Conversation 73: HOW TO HAIKU?


With friends and those new to haiku I am often asked to explain this quixotic yet simple form. I tend to revert to the introductory description on THE DAILY HAIKU.  My opening shot is usually haiku is a short 3 line poem, 5/7/5 syllables a guideline not a rule that attempts to capture a moment. But within this I am aware that it does not help those start to write haiku, that the how is missing.  So I defer, as ever, to the power of our community and after writing this post: ‘HOW TO HAIKU? How would you encourage someone who has never written a haiku before to have a go – even in under 50 words’ here is the plethora of wonderful offerings to feast upon.


I feel that HOW TO HAIKU is a great accompaniment to our existing blog collection of imaginative responses to HAIKU – WHO ARE YOU? and also the highly entertaining and insightful responses to WHAT DO WE CALL A COLLECTION OF HAIKU WRITERS?

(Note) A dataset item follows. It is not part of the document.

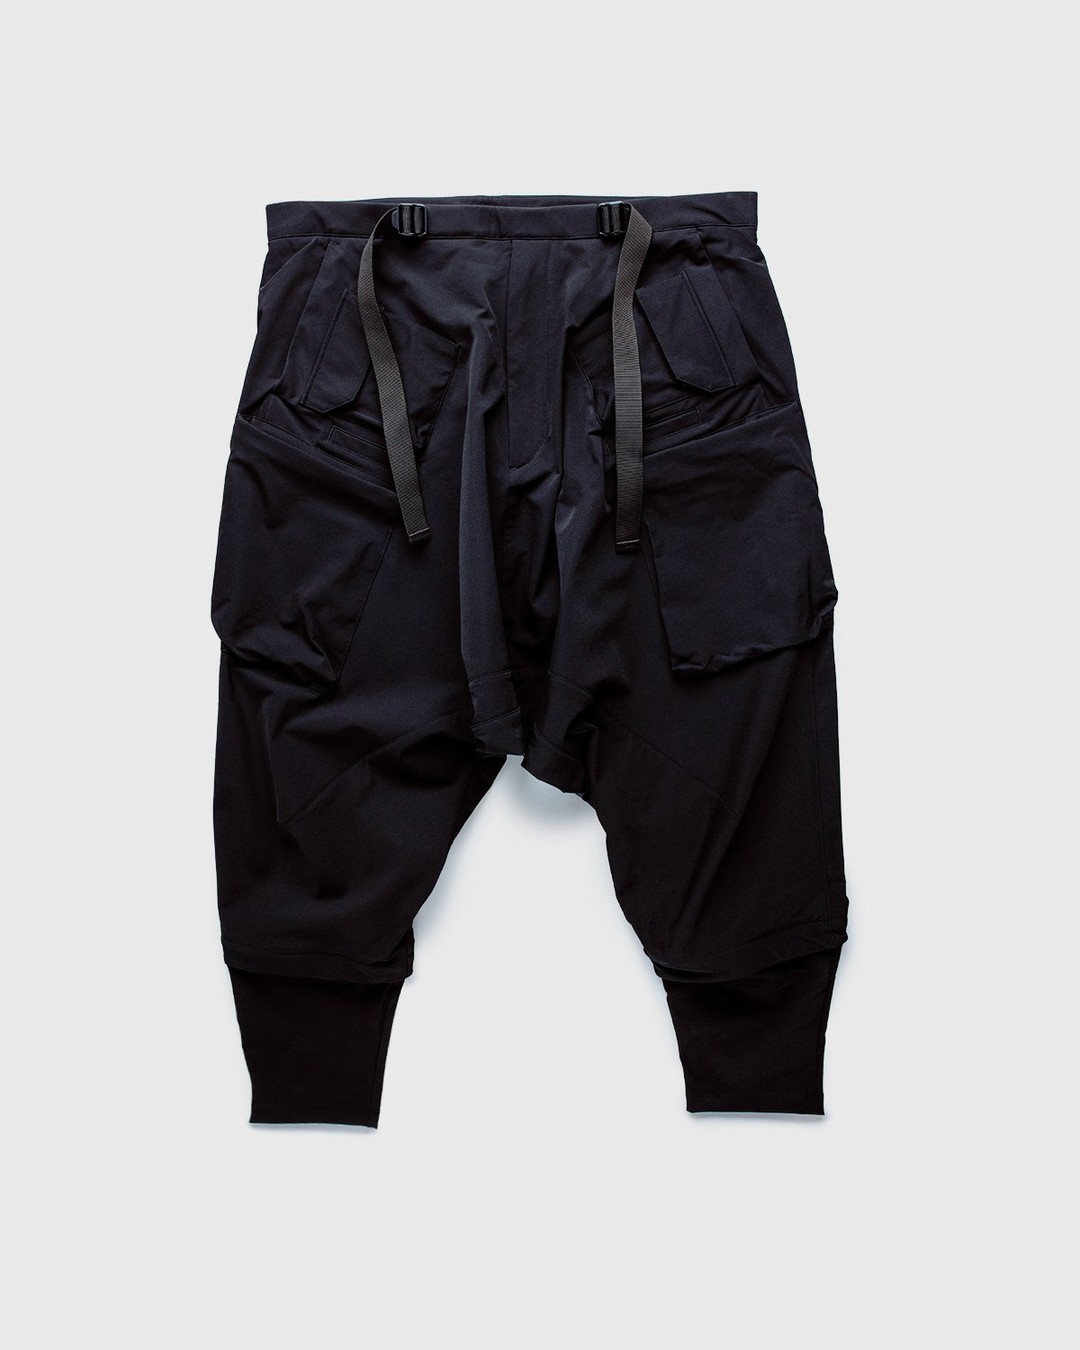 ACRONYM – P30A-DS Pants Black - Active Pants - Black - Image 1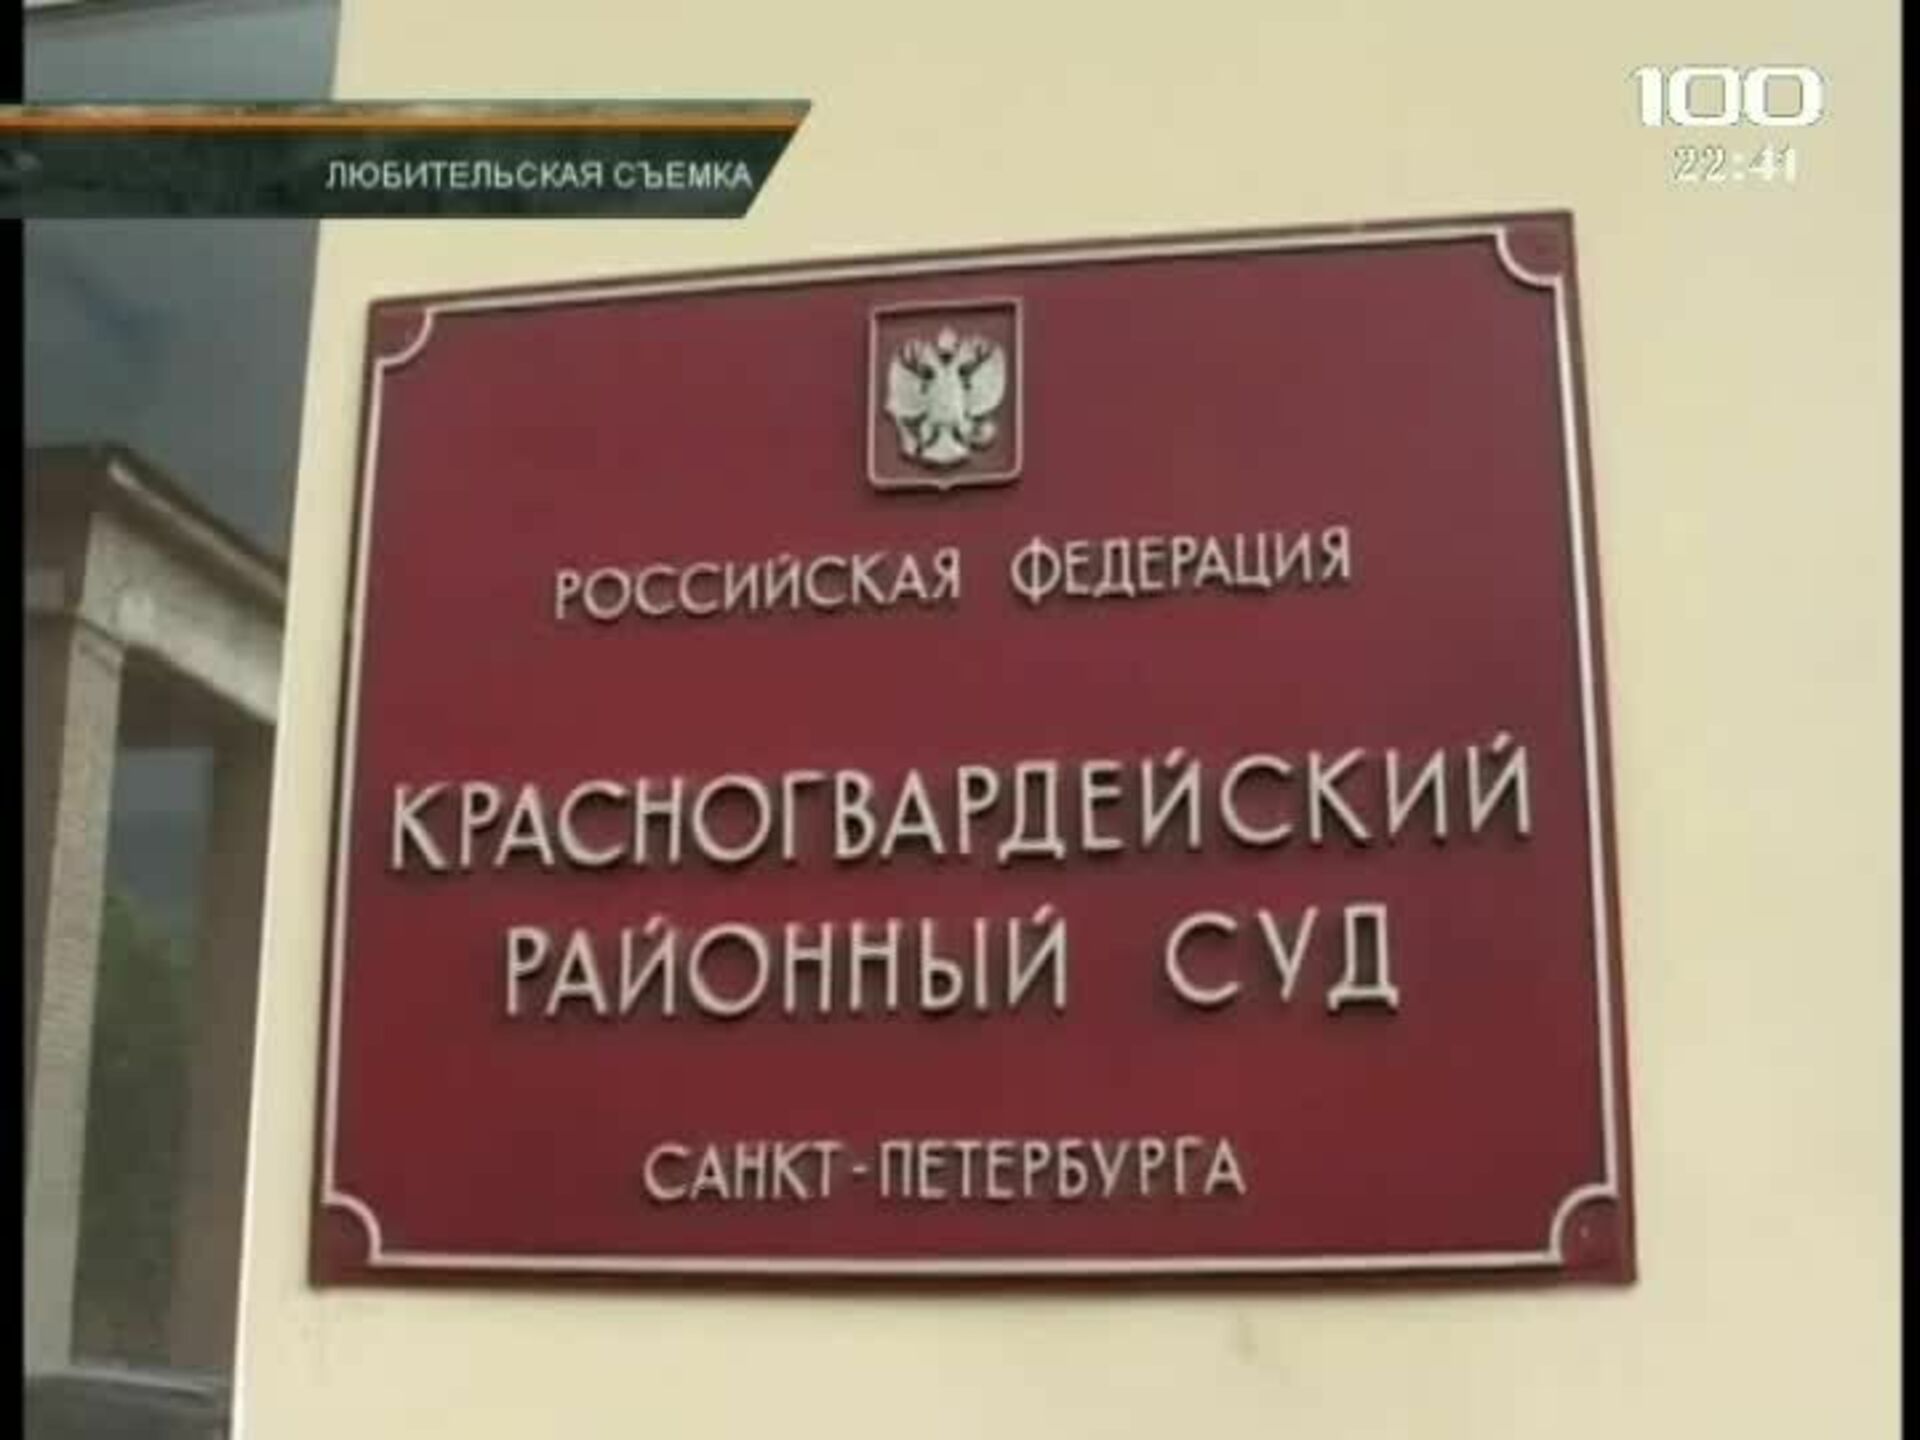 Красногвардейский районный суд ставропольского края

Can it be that between the three posts we are getting closer to the essence of haiku, even the essence of life itself!


Huge thanks to those that provided their input especially the final and extensive response on this post by Sebastien Revon.  For those who have not contributed their thoughts this is an open invitation here to add to this ongoing and most stimulating conversation.


Ger White

Get an idea, a picture

How would you express it simply?

Put that down on paper


John Lanyon

I would ask them to think of the most powerful experiences in their life, choose one or two, get them to write say 100 words about it, then invite them to reduce it to 17 syllables or fewer.

Or have them consider this very moment – make lists of what they can see, hear, smell, and then a list of what they are feeling. Then try to put the two together.

Talk about the haiku that move you. Go into lots of detail. Share your enthusiasm. It’s catching.

Start with an icebreaker quiz about haiku to dispell various myths around haiku e.g haiku always have 17 syllables, haiku are usually serious, haiku were invented in the 17th C in Japan etc.


Julian Witts

I’d say, start small – capture a glimpse, and, to begin with, make the most of the 17 syllable guideline to help you really weigh the words and their possibilities. Plumb the depths with little shafts of light.

The classic’ English haiku is a 3-line poem, with the syllabic structure 5-7-5. That’s commonly thought of as the closest approximation we have to the original Japanese haikus.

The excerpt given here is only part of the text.